Blend the chopped onion, cherry tomatoes, ginger, garlic, and red chili in a food processor or blender until smooth.
1 Red chili pepper
Heat the olive oil in a large skillet over medium heat. Add the bay leaves and let them sizzle for about 30 seconds until fragrant.
3 Tablespoons Olive oil, 2 Fresh Bay leaves
Pour in the prepared paste and cook, stirring occasionally, until the oil starts to separate from the mixture and turns golden brown (about 2–3 minutes).
Stir in the chili powder, coriander powder, garam masala, turmeric, and a pinch of salt. Cook for another 2–3 minutes, stirring frequently, until the spices are well combined and aromatic.
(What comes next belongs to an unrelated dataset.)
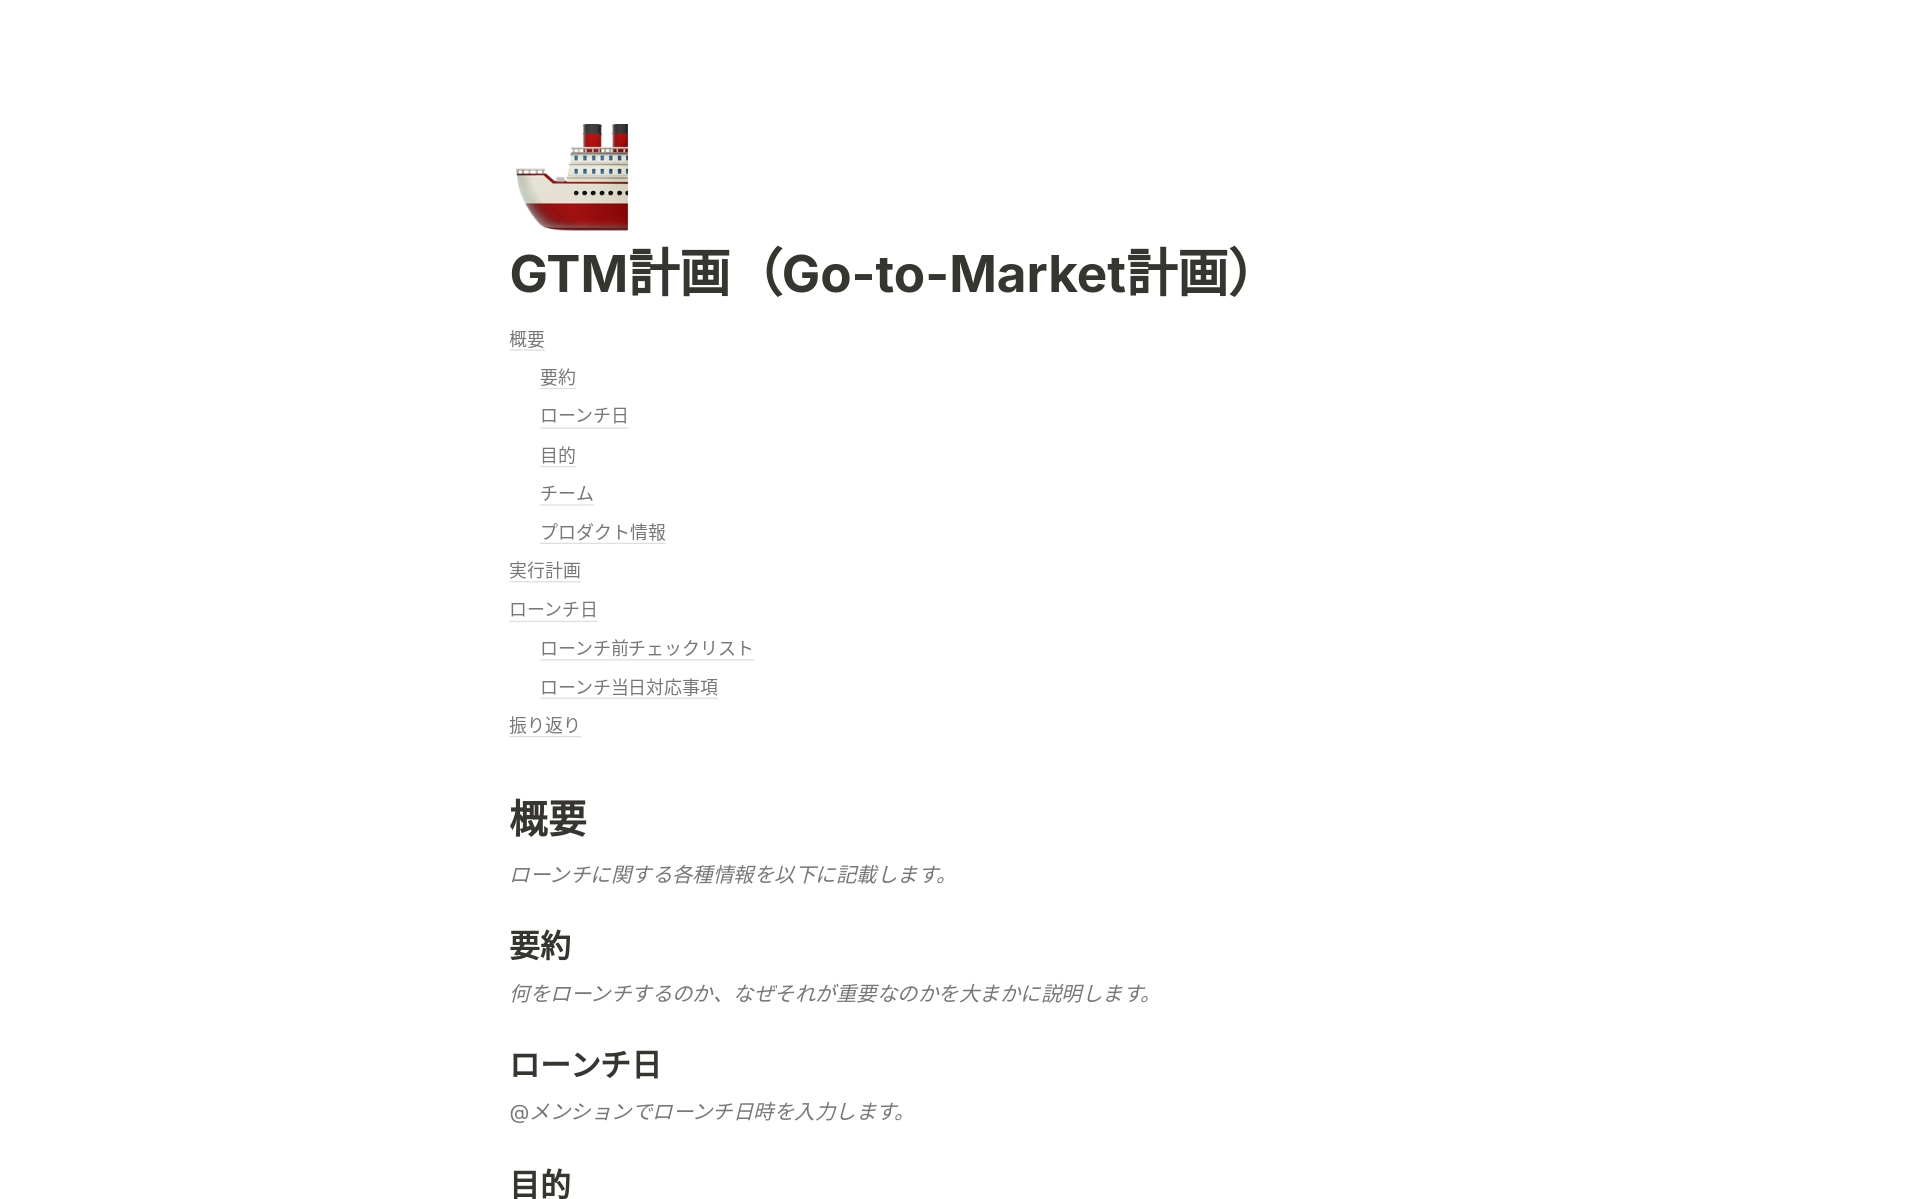 GTM計画（Go-to-Market計画）は、プロダクトをユーザーに届けるためのすべての要素について、部門横断的なチームを調整するものです。
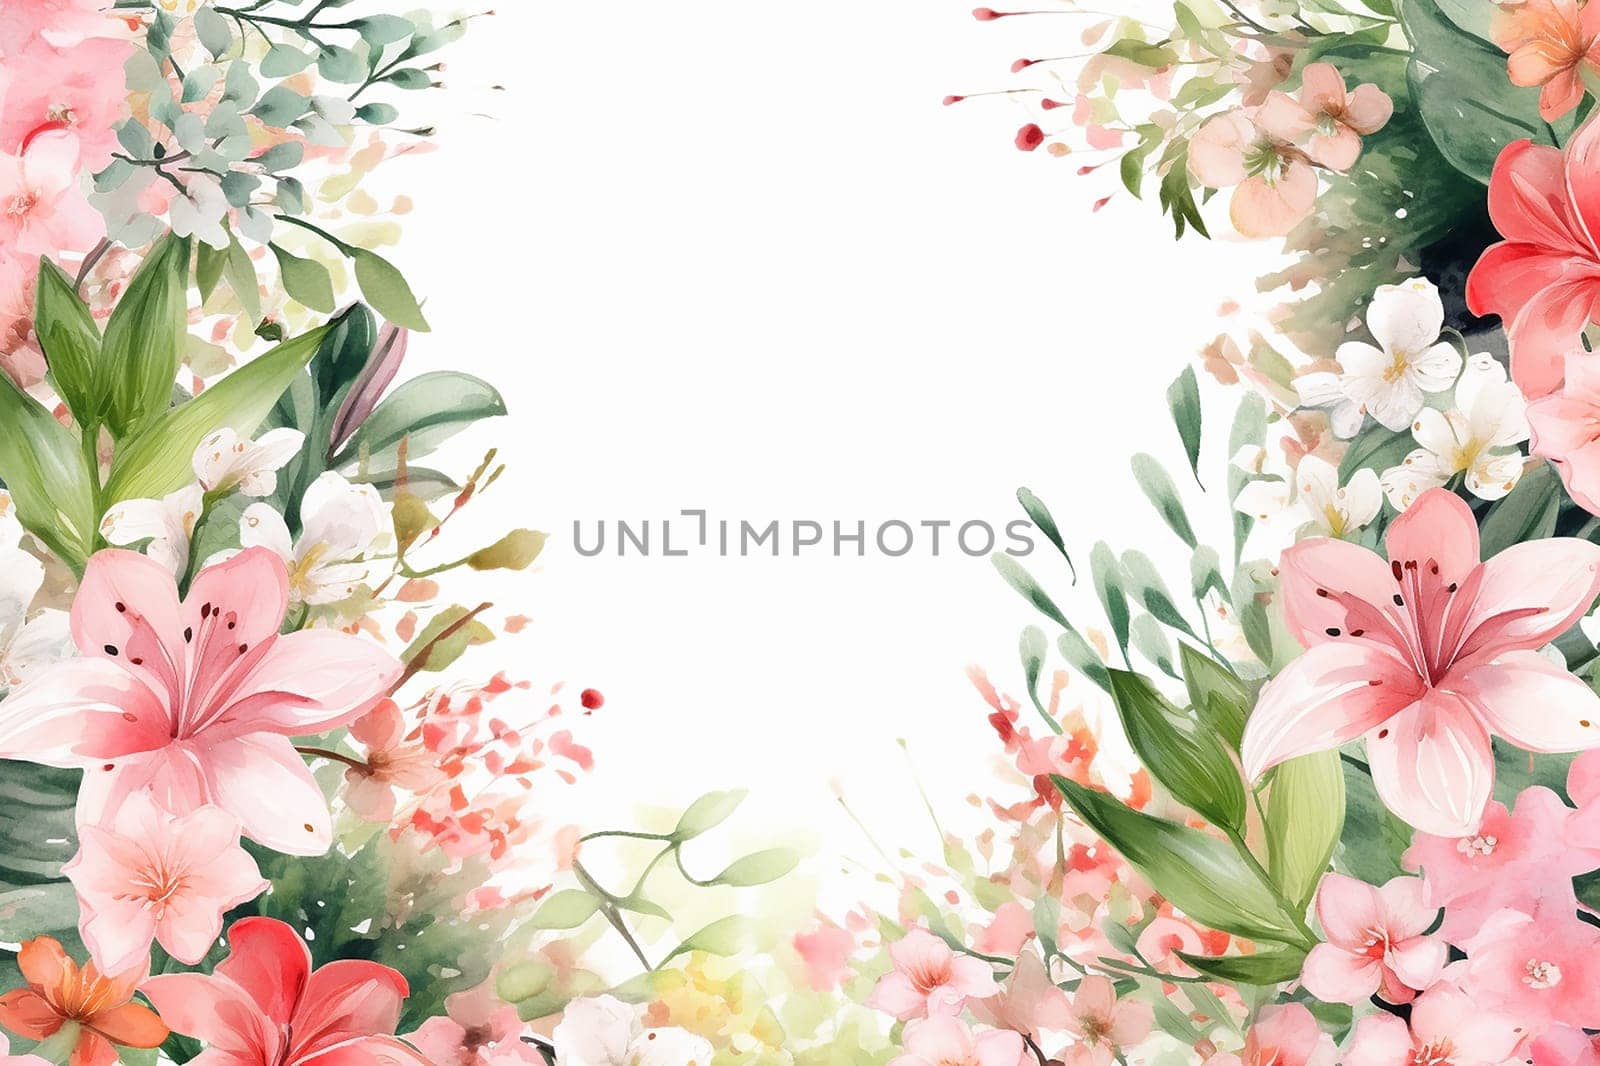 Elegant floral arrangement on a white background.

½ Teaspoon Turmeric powder, 1 Teaspoon Garam masala, 1 Teaspoon Chili powder, 1 Teaspoon Coriander powder, 1 Pinch Salt
Add a little water to the skillet to reach your desired gravy consistency. Bring the mixture to a gentle boil.
Water
Stir in the chickpeas and let them simmer on medium heat for about 5–7 minutes, until heated through and well coated in the sauce.
1 Can chickpeas
Sprinkle fresh coriander (cilantro) over the top before serving. Enjoy with rice, naan, or as a hearty dish on its own!
1 Teaspoon Fresh coriander leaves
Notes
Tips & Tricks
For extra depth of flavor, let the masala paste cook a little longer until deeply caramelized.
If you prefer a smoother texture, mash some of the chickpeas while cooking.
Adjust spice levels by adding more or less green chili and chili powder.
Substitute canned chickpeas with soaked and cooked dried chickpeas for a richer taste.
Serve with a squeeze of lemon for added freshness.